What This Means for You
If you self-custody Bitcoin in your own private keys on the Bitcoin network, this story is structurally irrelevant to your attack surface. Bitcoin's UTXO model does not expose contract code to AI auditing. There is no smart contract governing your BTC. There is no protocol function for an AI agent to scan. The asset is controlled by the key, and the key is in your custody. No AI exploit agent can drain your Bitcoin by auditing code because there is no code to audit. The attack vectors that remain (phishing, physical access, seed phrase compromise) are social and physical, not algorithmic.

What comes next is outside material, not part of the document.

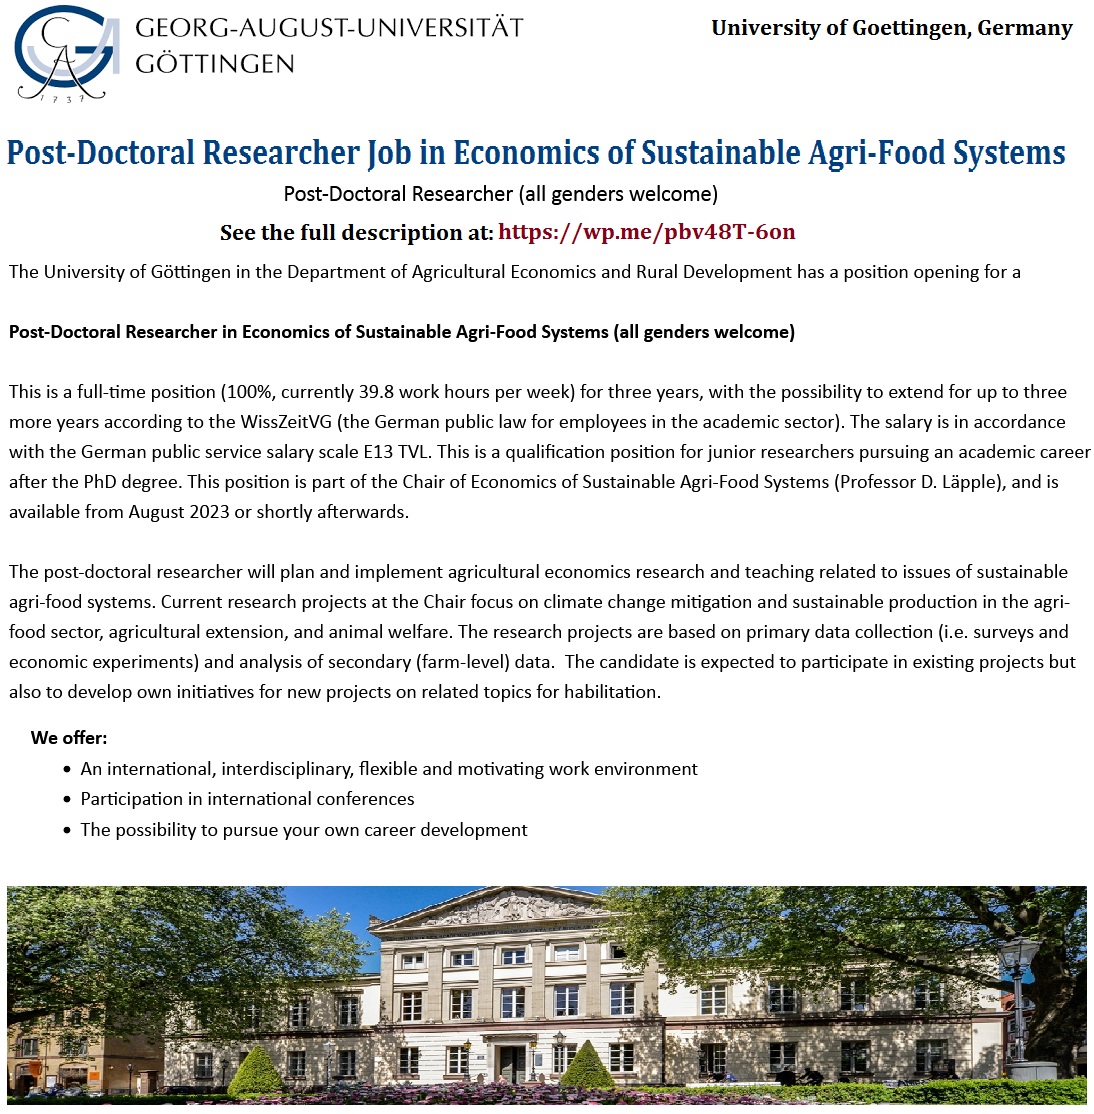 📌 Post-Doctoral Job in Economics of Sustainable Agri-Food Systems at University of Göttingen in Germany ... Please retweet and spread the word! For details visit: wp.me/pbv48T-6on
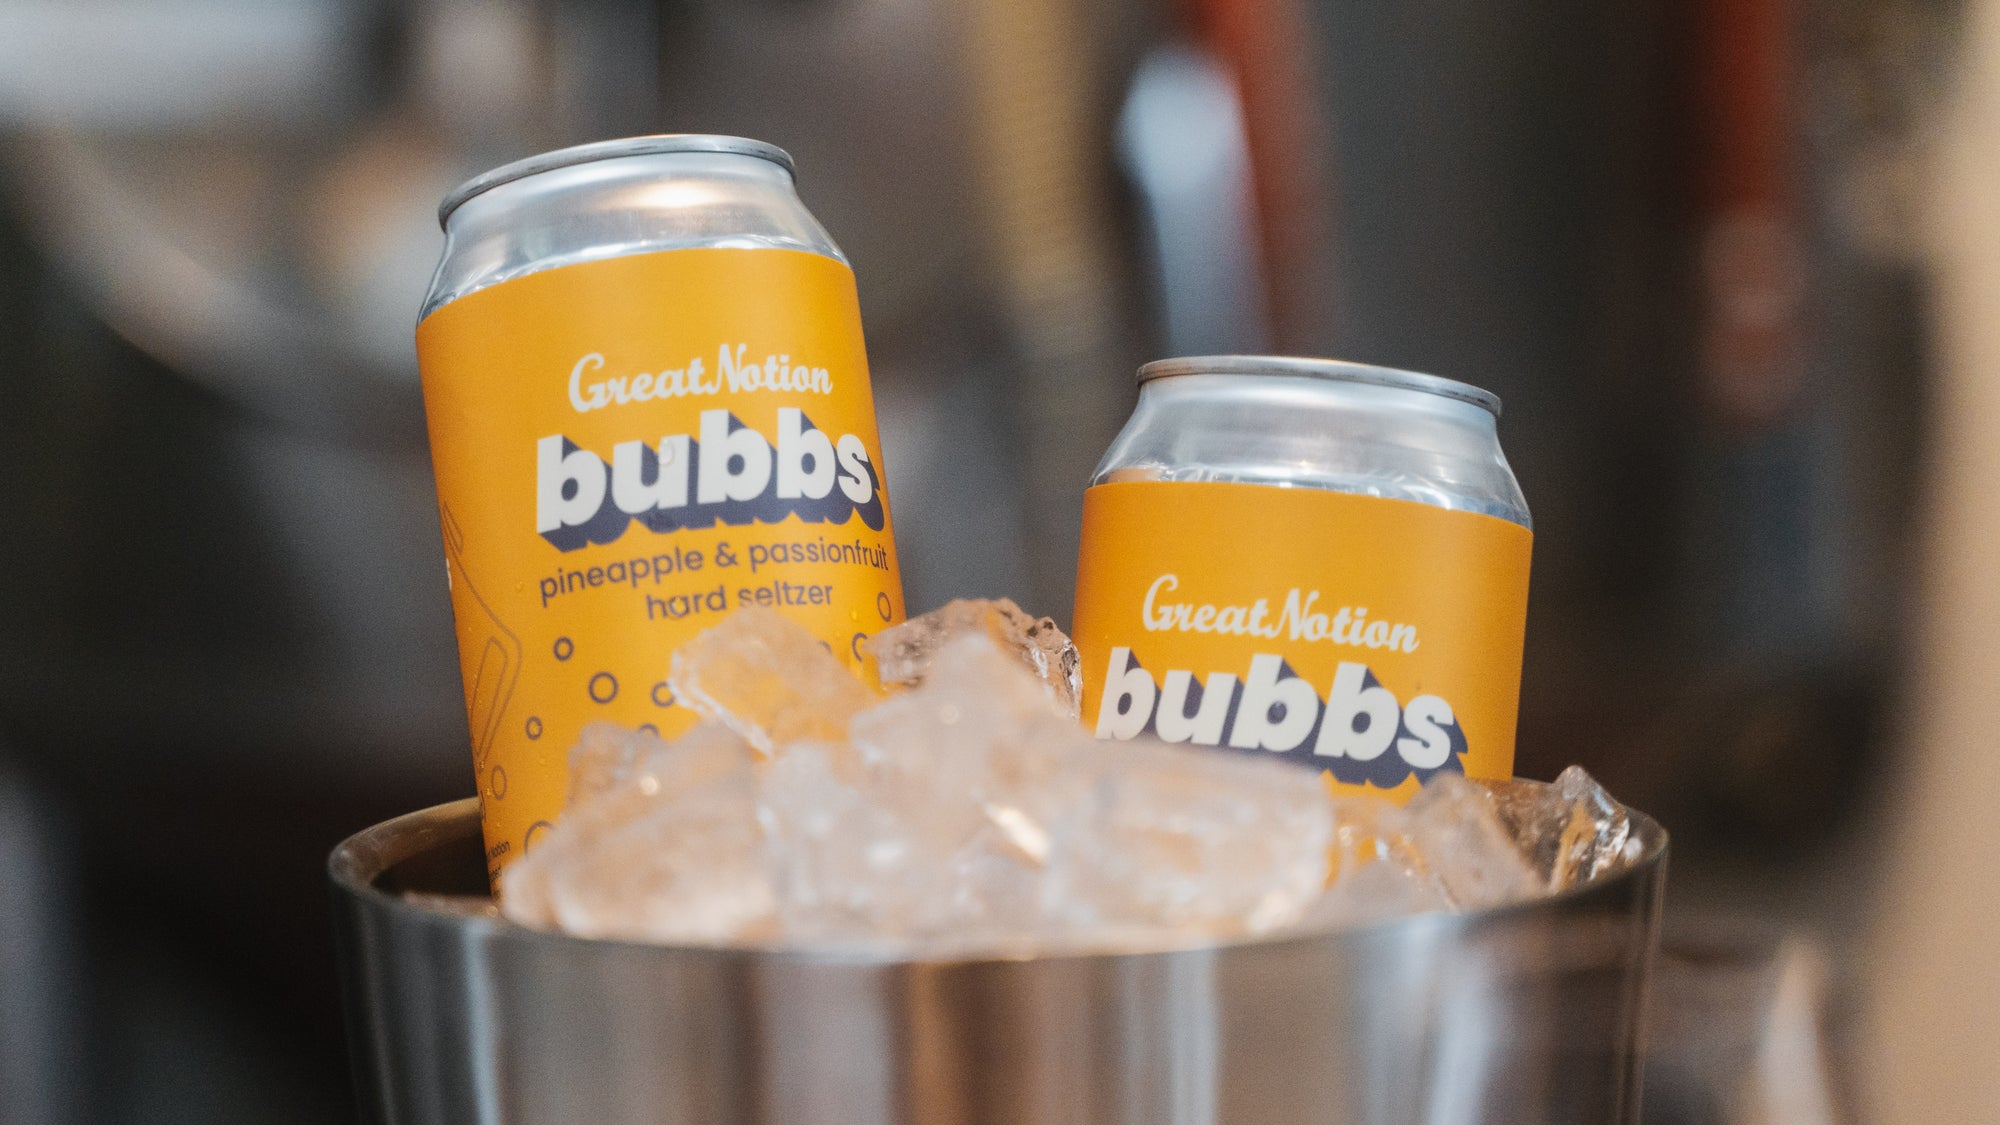 Bubbs (Pineapple & Passionfruit)

If you hold DeFi positions, yield-bearing protocol tokens, or assets bridged across chains, Aráoz's warning applies to the specific custodial risk structure you are in. You are counterparty to smart contract code that is publicly auditable by anyone, including adversaries running AI agents at $1.22 per scan. That does not mean your position will be exploited. It means the structural risk is real and growing as the capability curve rises. The April 2026 data is the empirical record: $630 million stolen in 1 month from audited protocols. Self-custody of native BTC is the structural off-ramp from this specific risk class, not because Bitcoin is immune to all attacks, but because it has no smart contract layer for the attack class Aráoz is describing.
What to Watch
Watch whether DeFi protocols adopt continuous AI monitoring at scale following Aráoz's warning. OpenZeppelin's Continuous Security Program is the current commercial answer, but it requires each protocol to subscribe and does not retroactively cover the full deployed contract history. The exploit cost curve is the next thing to track. At a 23% reduction every 2 months, the current $1.22 per scan becomes a sub-$0.50 commodity by end of 2026. DeFi TVL bears watching as AI exploit risk gets priced into capital allocation decisions. The $20 billion TVL decline in 2026 predates today's warning. Whether OpenZeppelin or other security firms follow the warning with proposed architectural standards or protocol-level mitigations remains open. And watch whether AI-powered defense tooling closes the 2x offense-versus-defense gap the current research shows. If the gap widens further, the structural case for keeping real value in self-custodied native BTC rather than in smart contract positions gets harder to argue against.